* [To do]
What you return must match the listing below exactly, minus any pictures.

* [Recorded information]

***

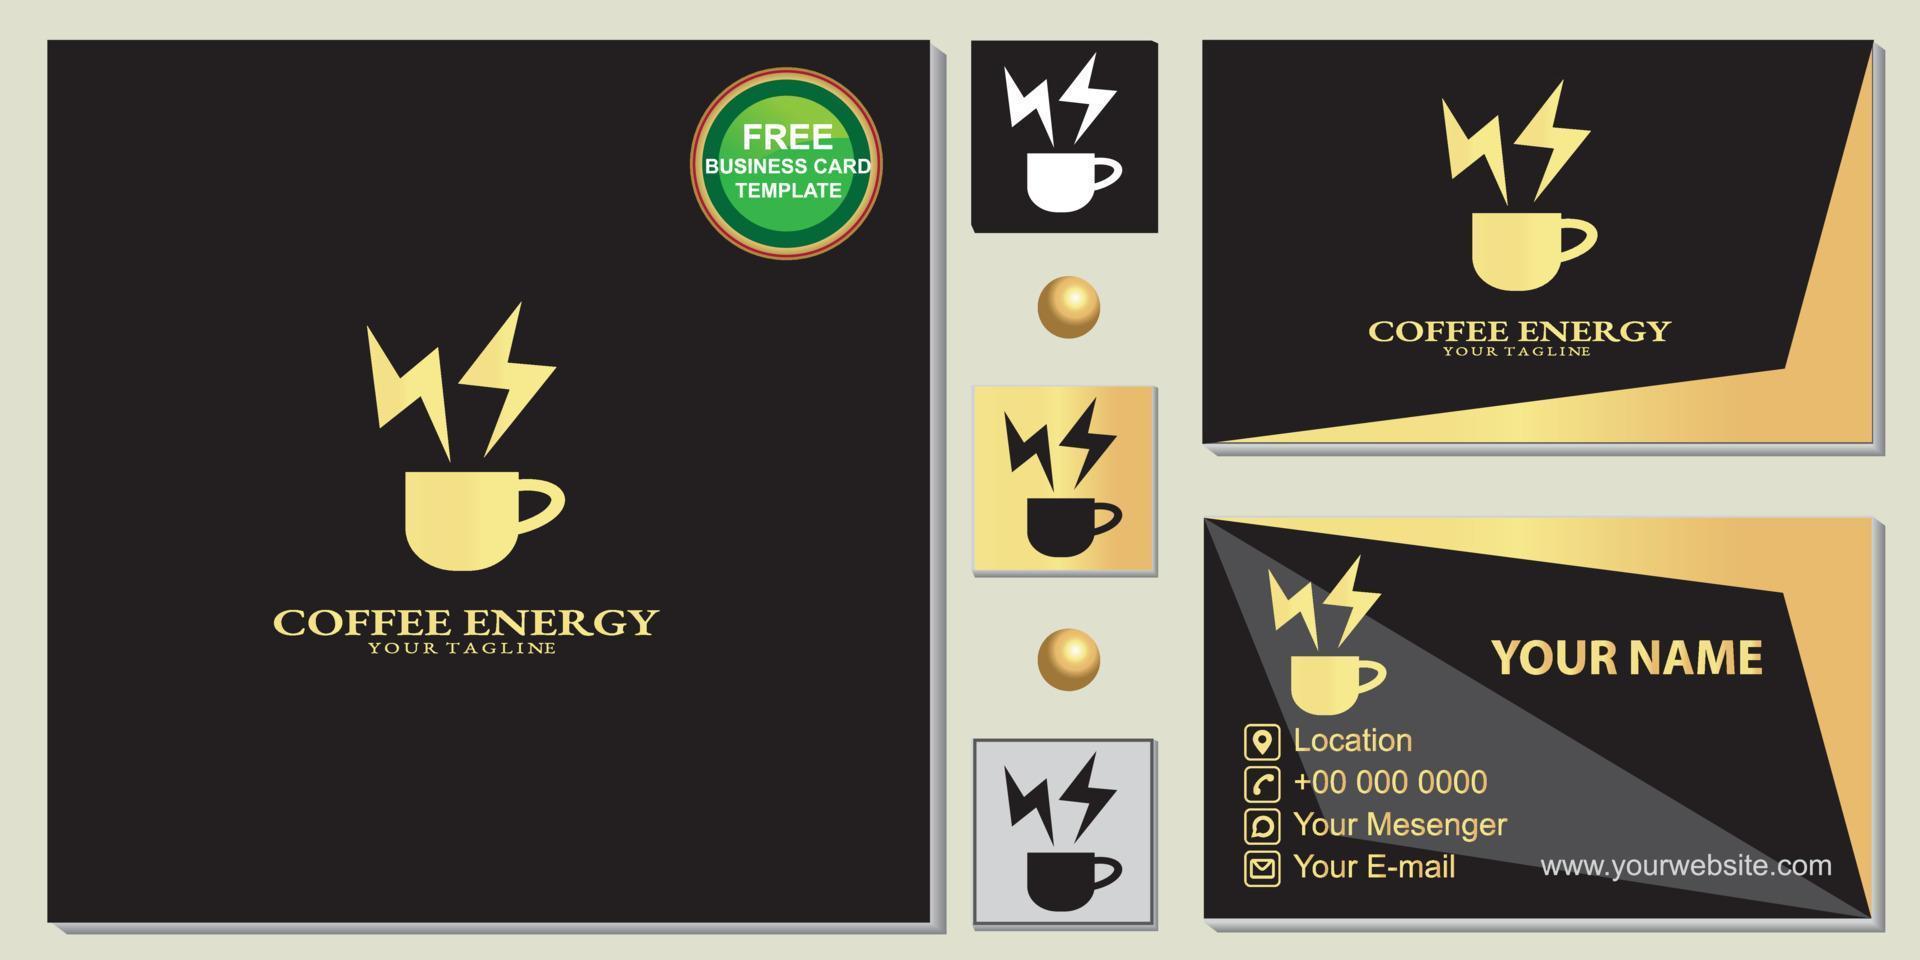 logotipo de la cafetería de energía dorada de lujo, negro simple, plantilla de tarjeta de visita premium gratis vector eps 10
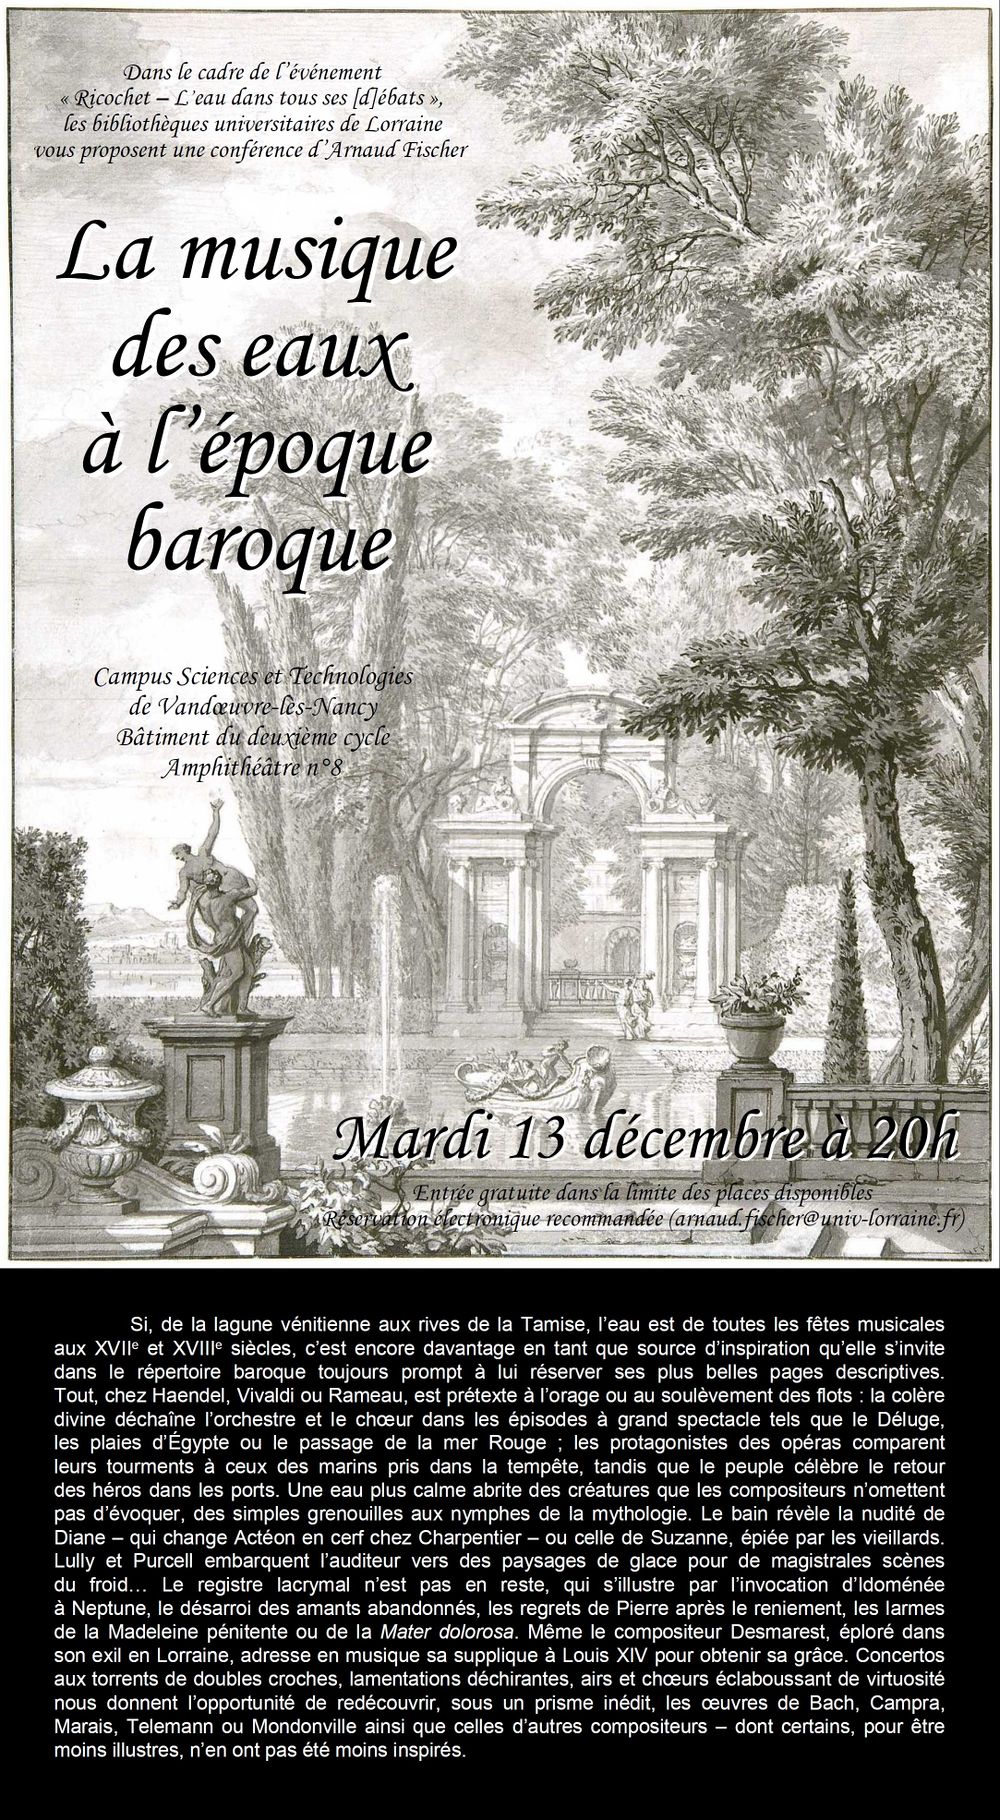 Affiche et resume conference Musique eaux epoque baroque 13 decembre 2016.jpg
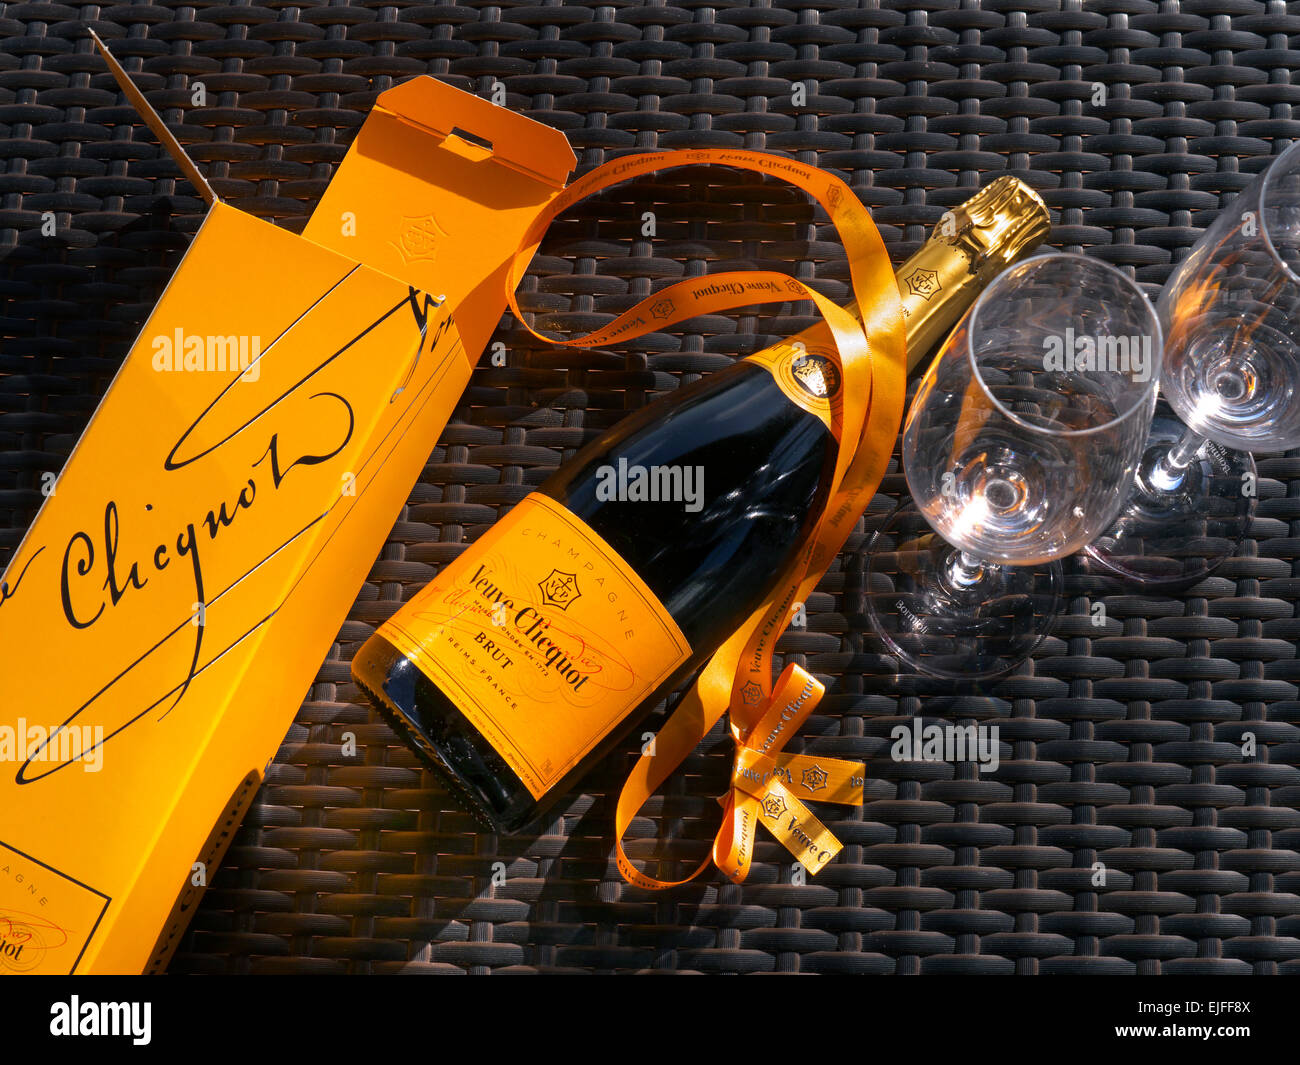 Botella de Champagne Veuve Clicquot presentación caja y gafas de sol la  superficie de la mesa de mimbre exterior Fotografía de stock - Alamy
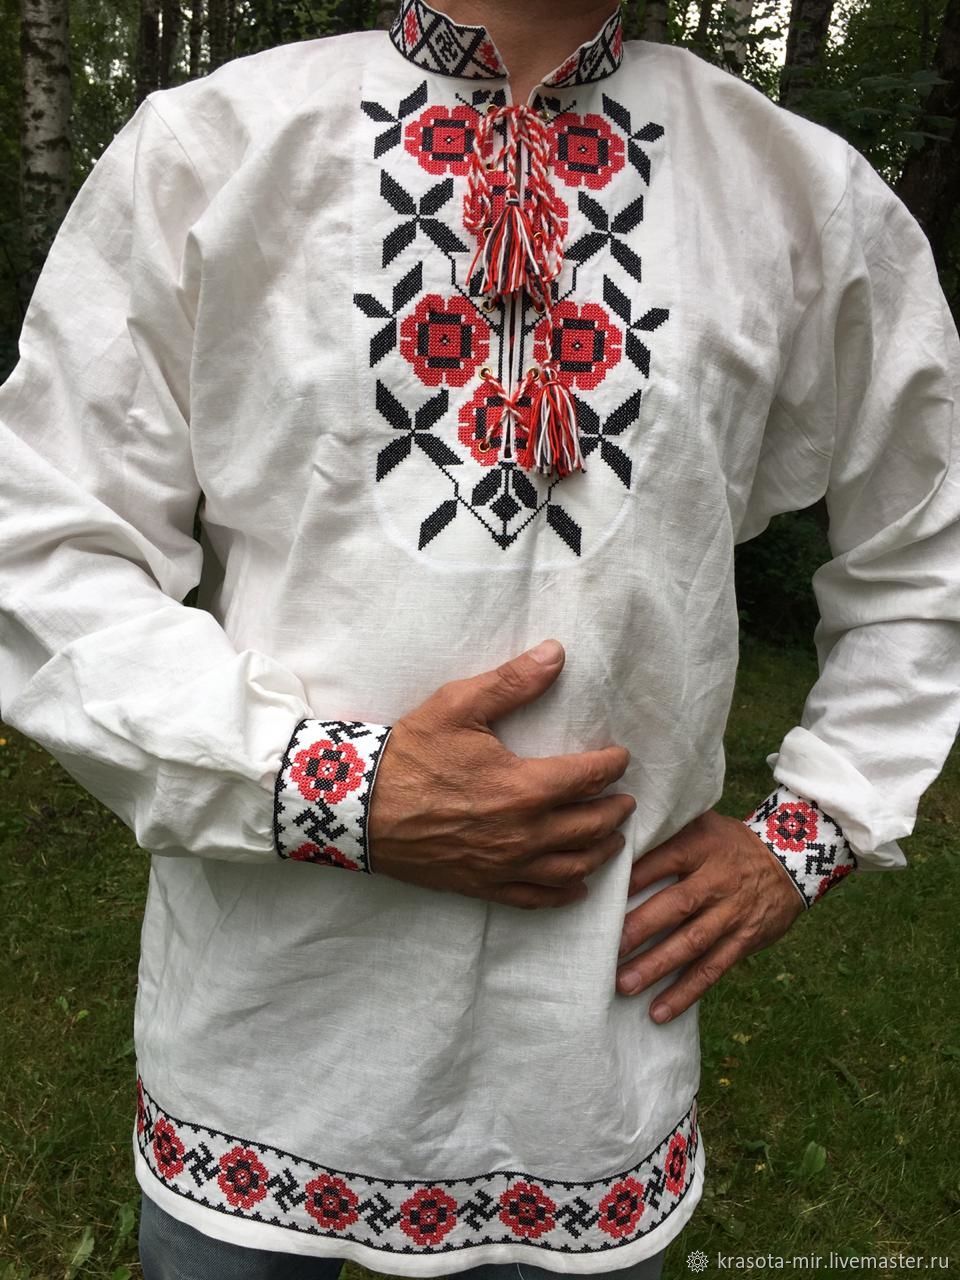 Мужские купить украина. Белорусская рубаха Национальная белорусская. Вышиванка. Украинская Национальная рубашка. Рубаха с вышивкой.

***

* [Answer box]
 logotipo de la cafetería de energía dorada de lujo, negro simple, plantilla de tarjeta de visita premium gratis vector eps 10
 Affiche et resume conference Musique eaux epoque baroque 13 decembre 2016.jpg
 Botella de Champagne Veuve Clicquot presentación caja y gafas de sol la  superficie de la mesa de mimbre exterior Fotografía de stock - Alamy
 Мужские купить украина. Белорусская рубаха Национальная белорусская. Вышиванка. Украинская Национальная рубашка. Рубаха с вышивкой.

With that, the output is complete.